+++ DATASET SECTION

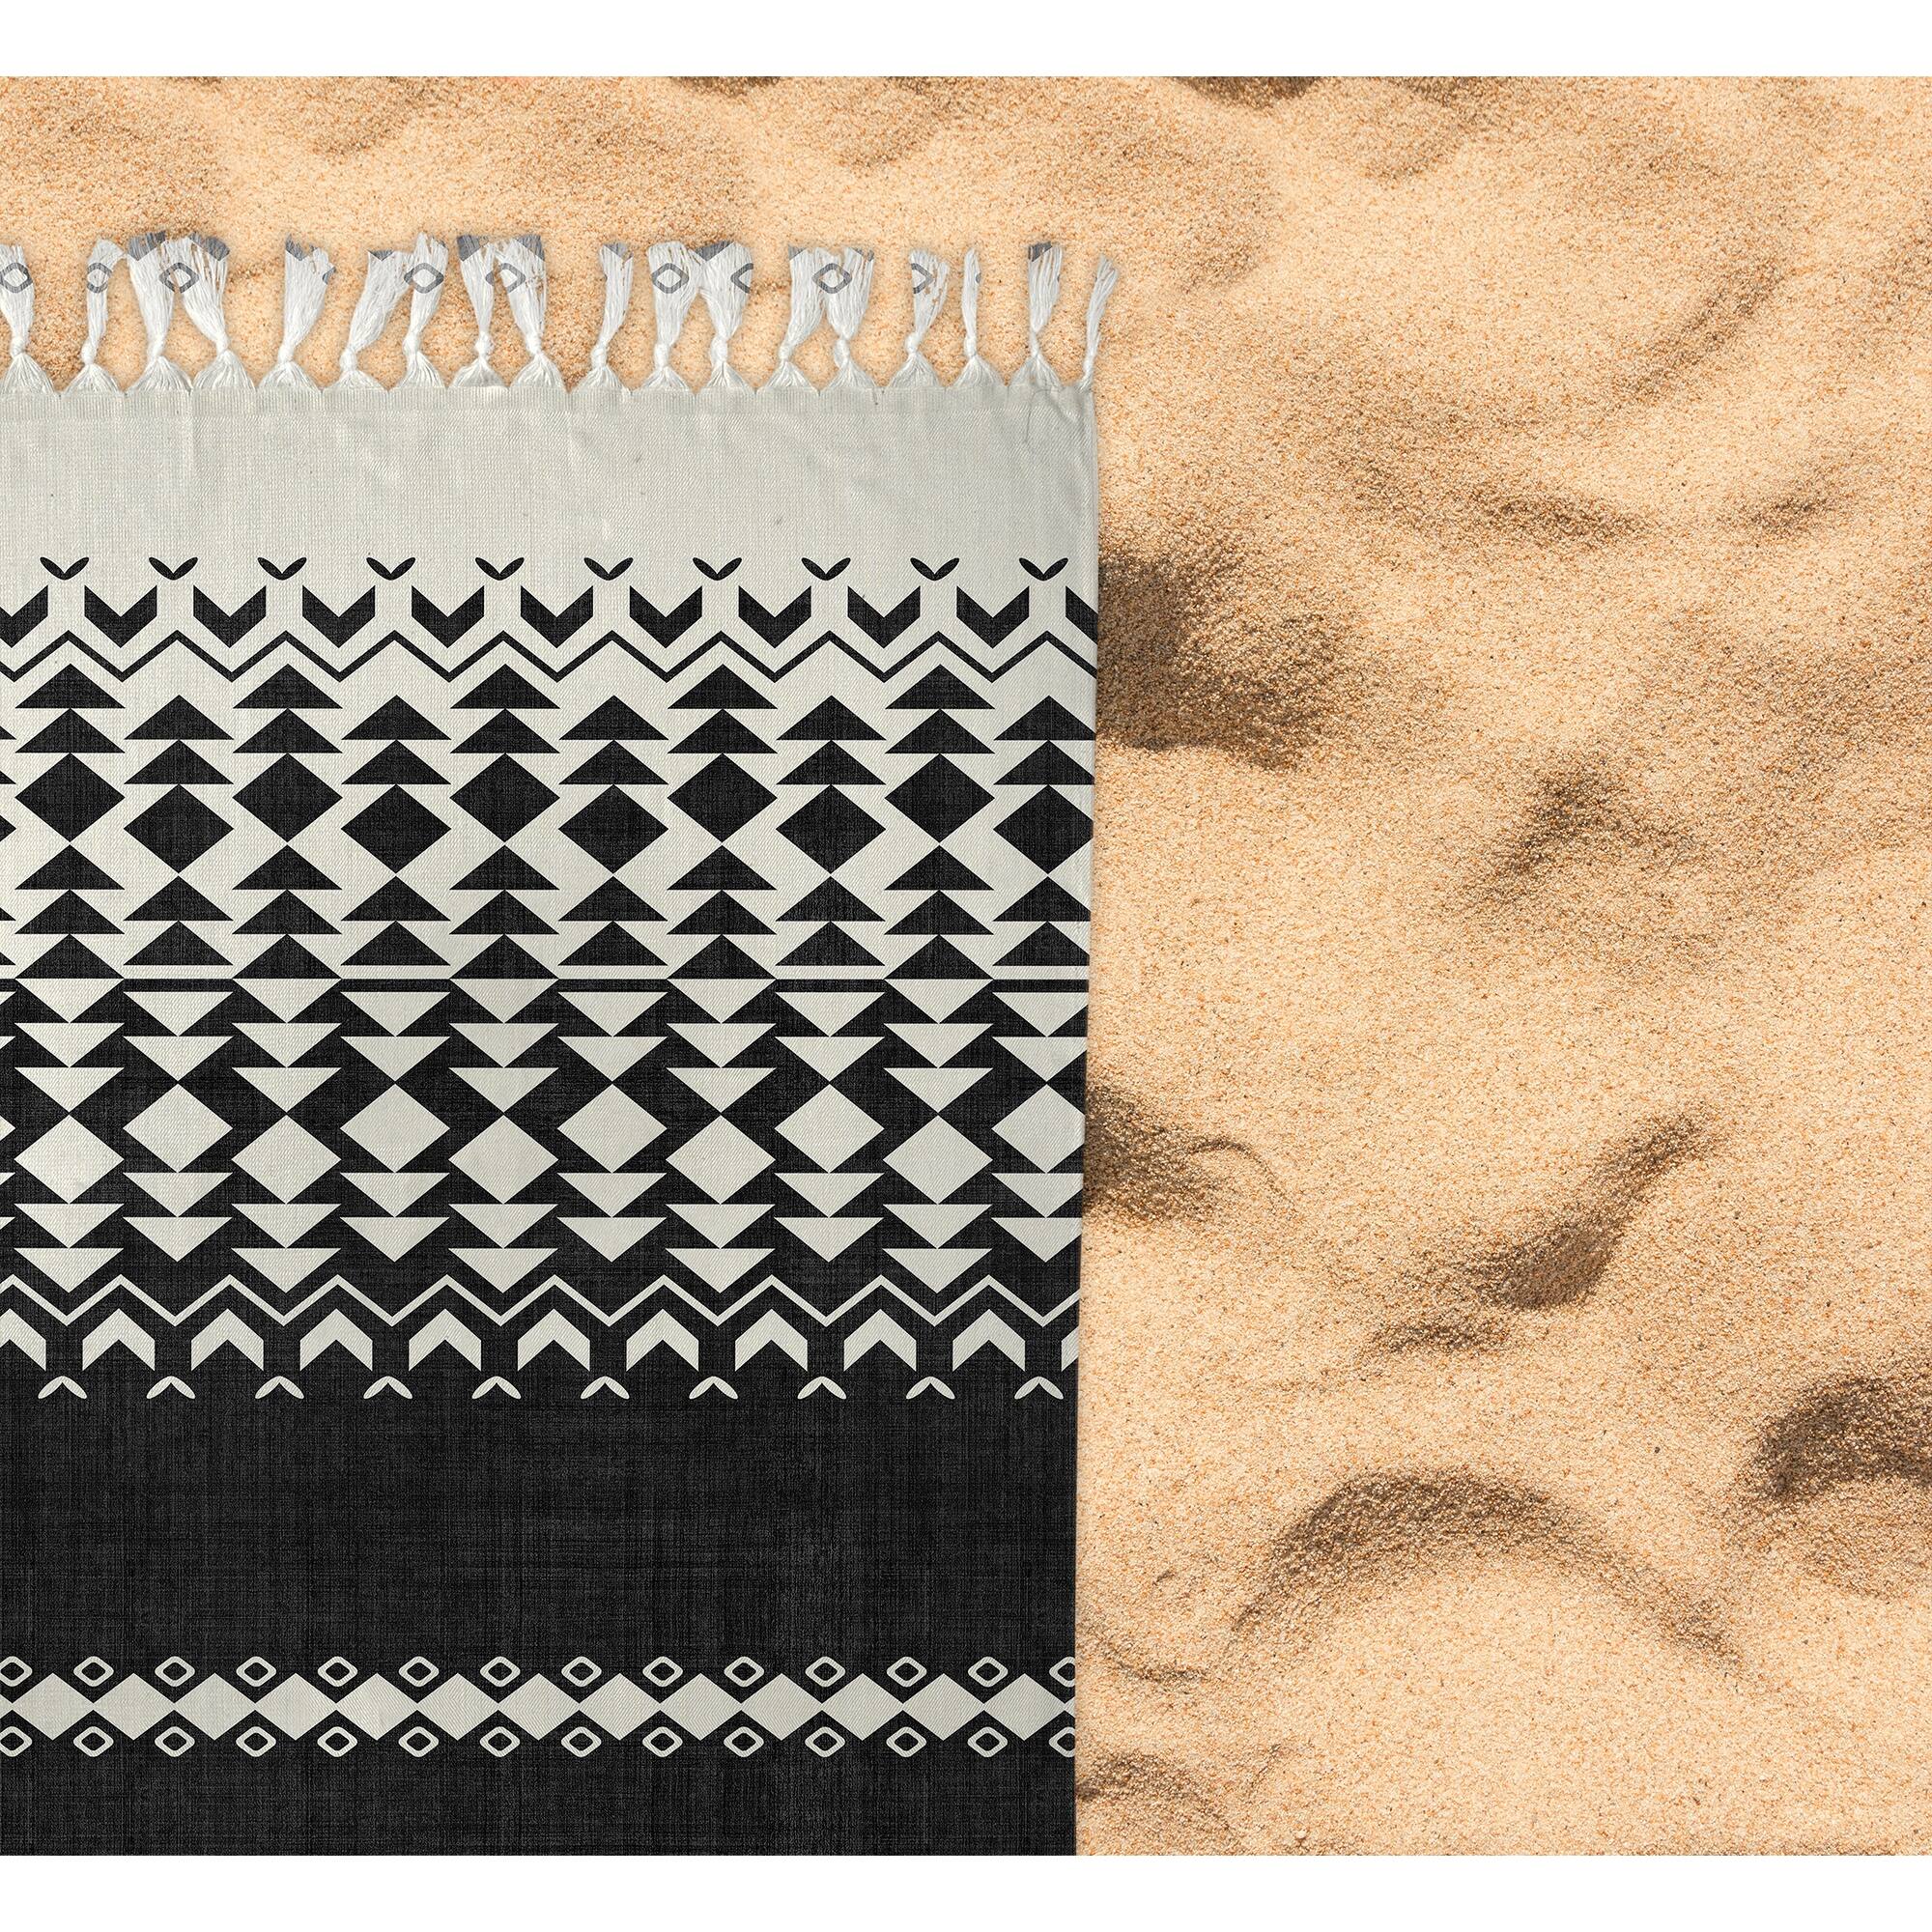 SOLLIA BLACK AND IVORY Beach Blanket with Tassels By Becky Bailey - 38 x 80
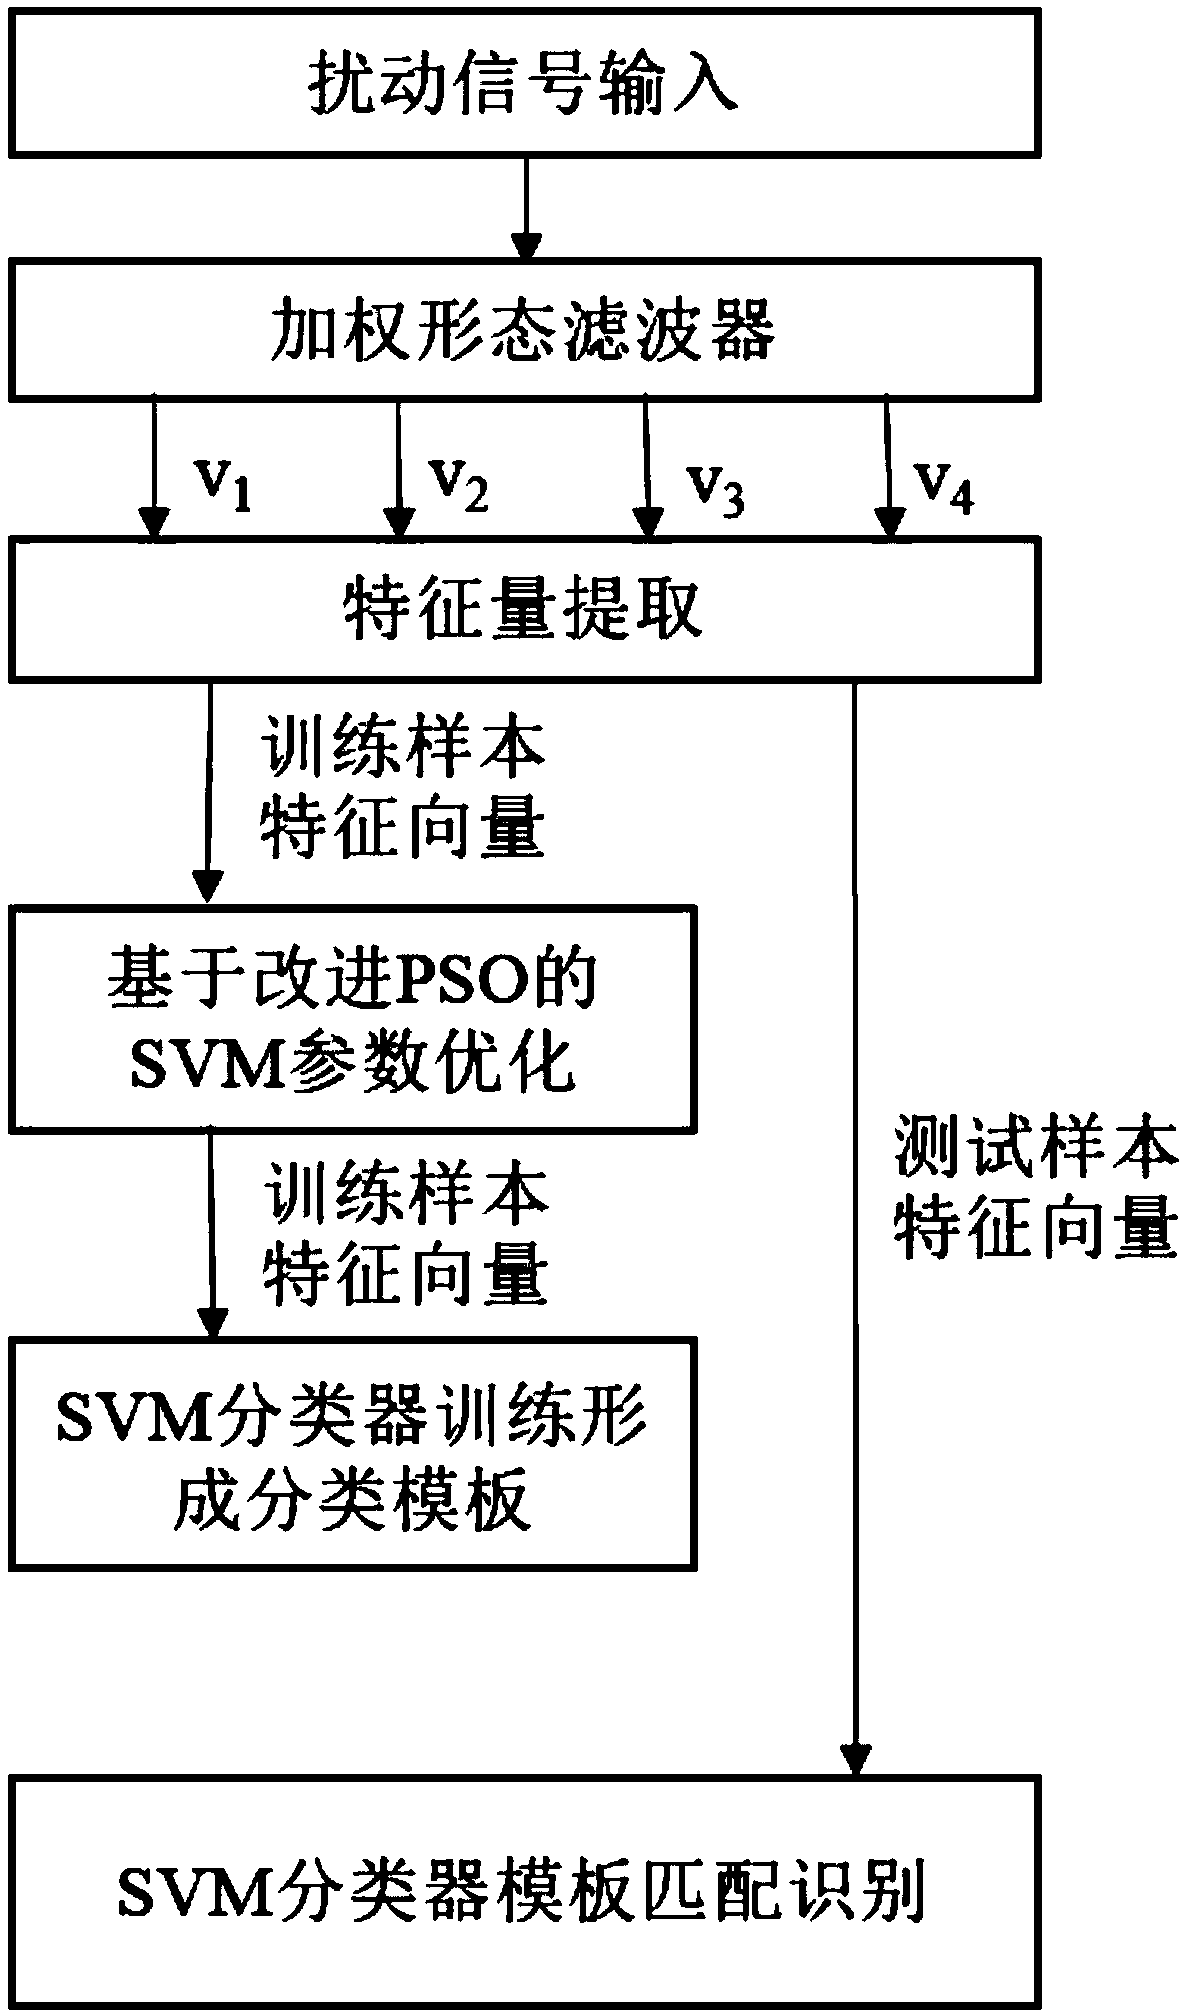 Electric energy quality disturbance recognition method based on improved PSO (Particle Swarm Optimization) and SVM (Support Vector Machine)
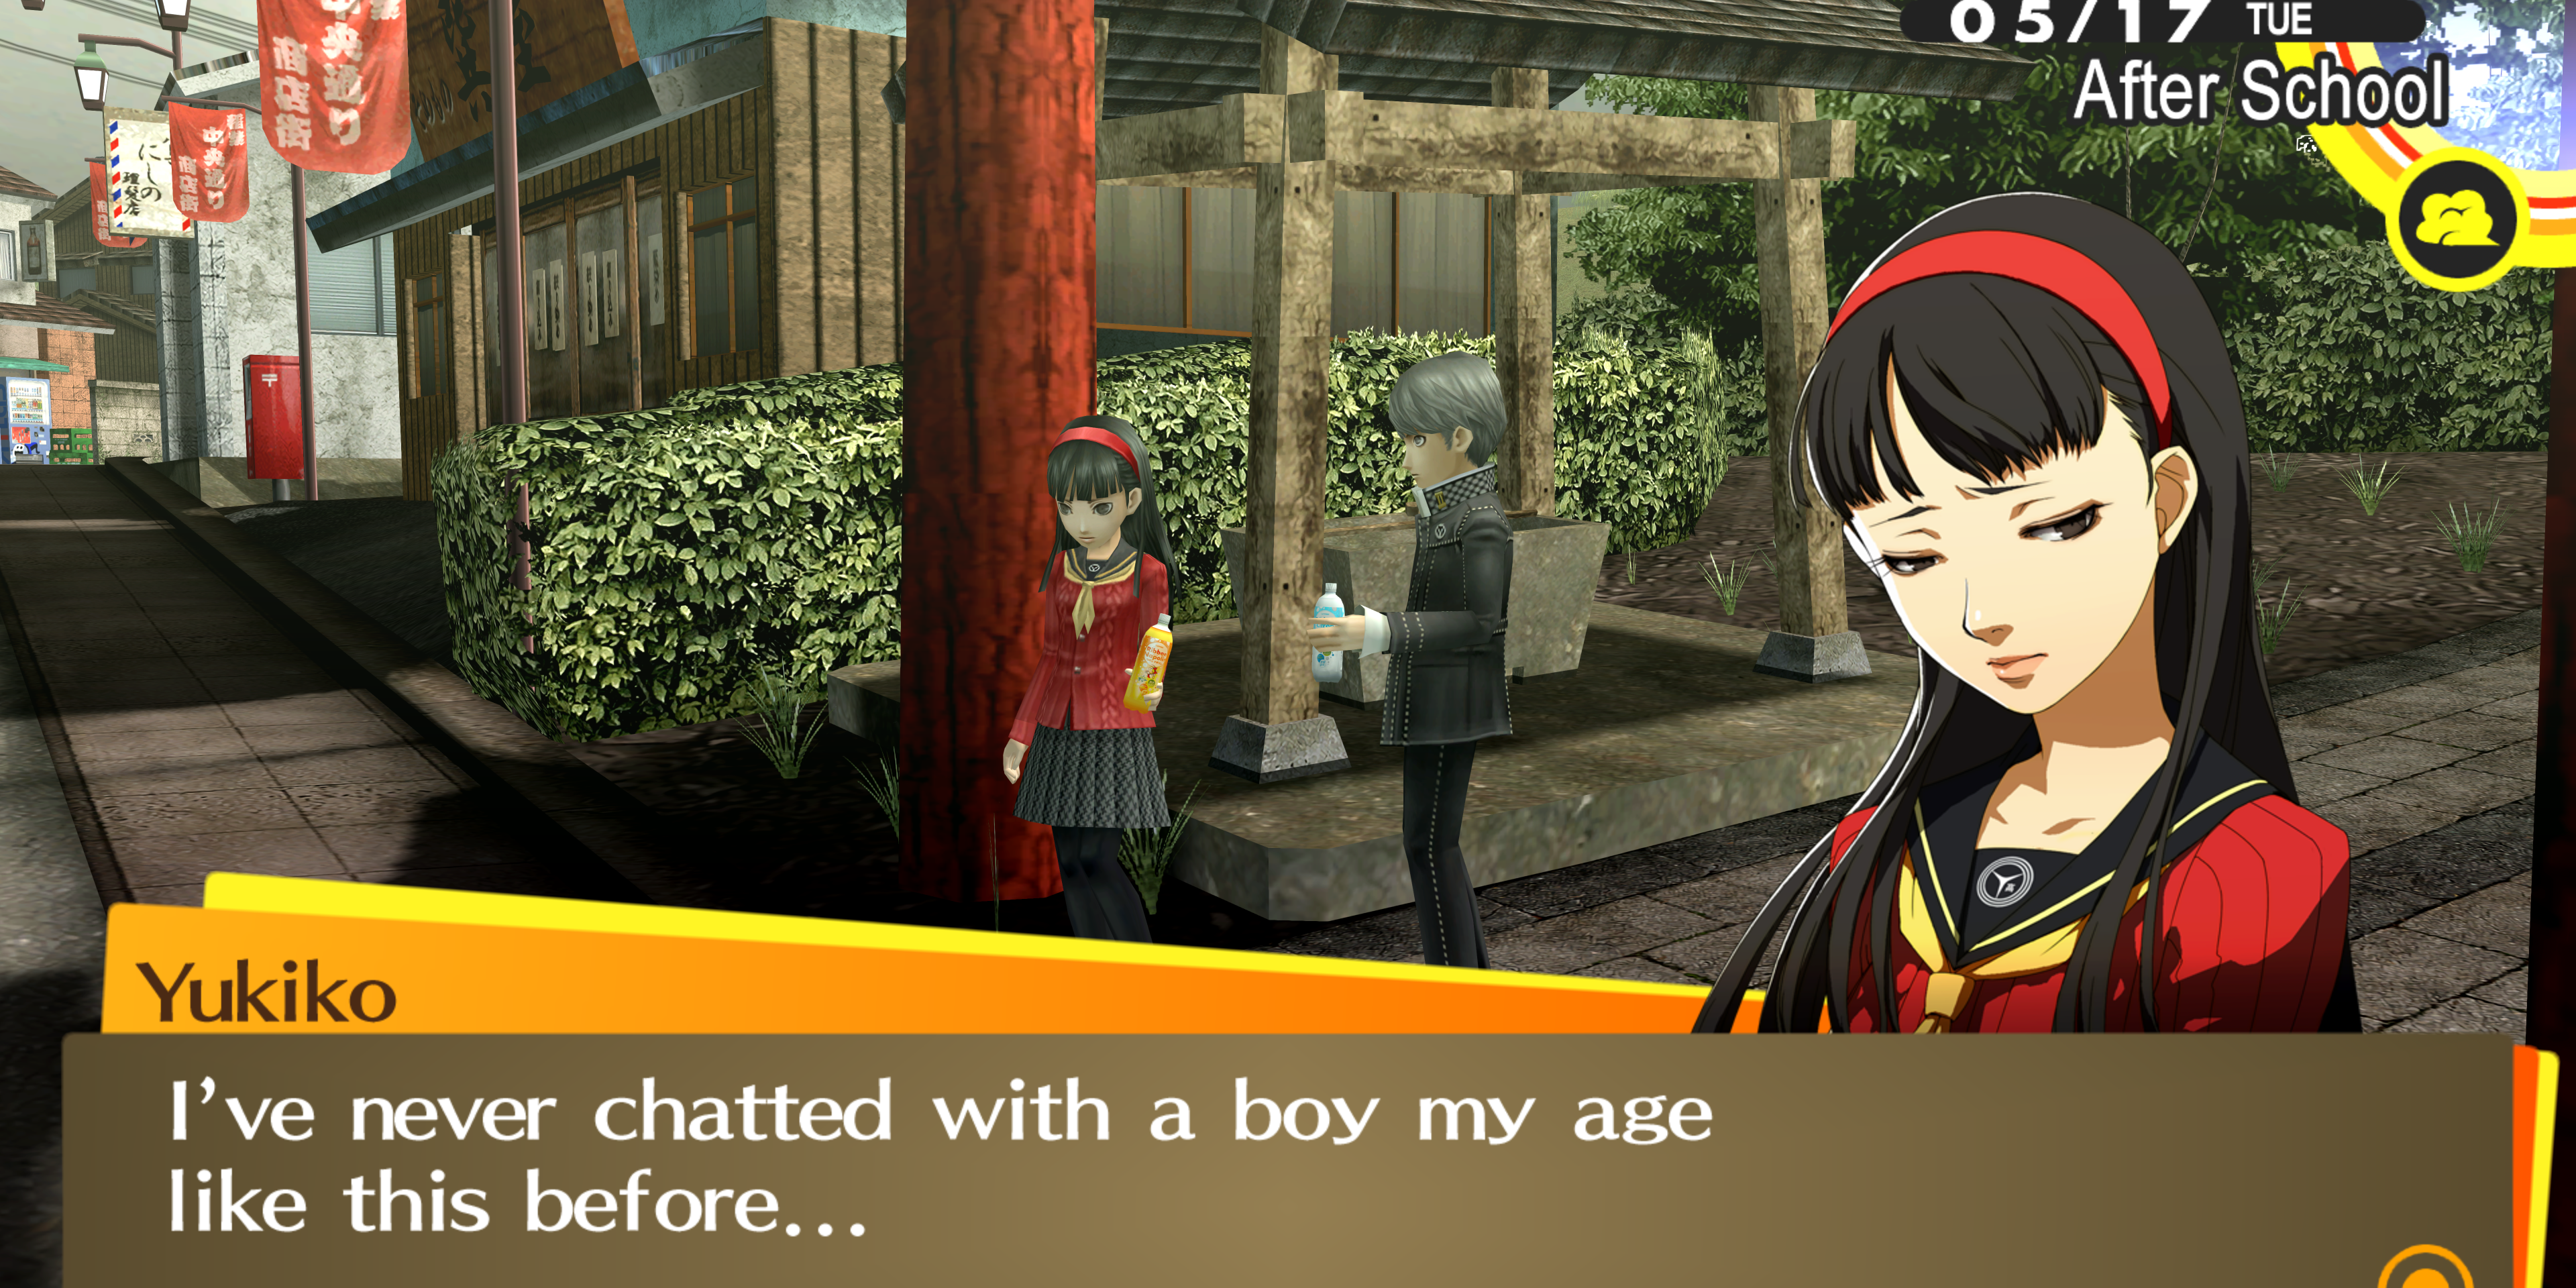 The player speaks with Yukiko in Persona 4 Golden

++++++

**TASK DETAILS**
Starting with the line that holds "Electric energy quality", print each line through the last one of the data exactly as written, but do not include the pictures.

**EXERCISE RESULT**
 Electric energy quality disturbance recognition method based on improved PSO (Particle Swarm Optimization) and SVM (Support Vector Machine)
 The player speaks with Yukiko in Persona 4 Golden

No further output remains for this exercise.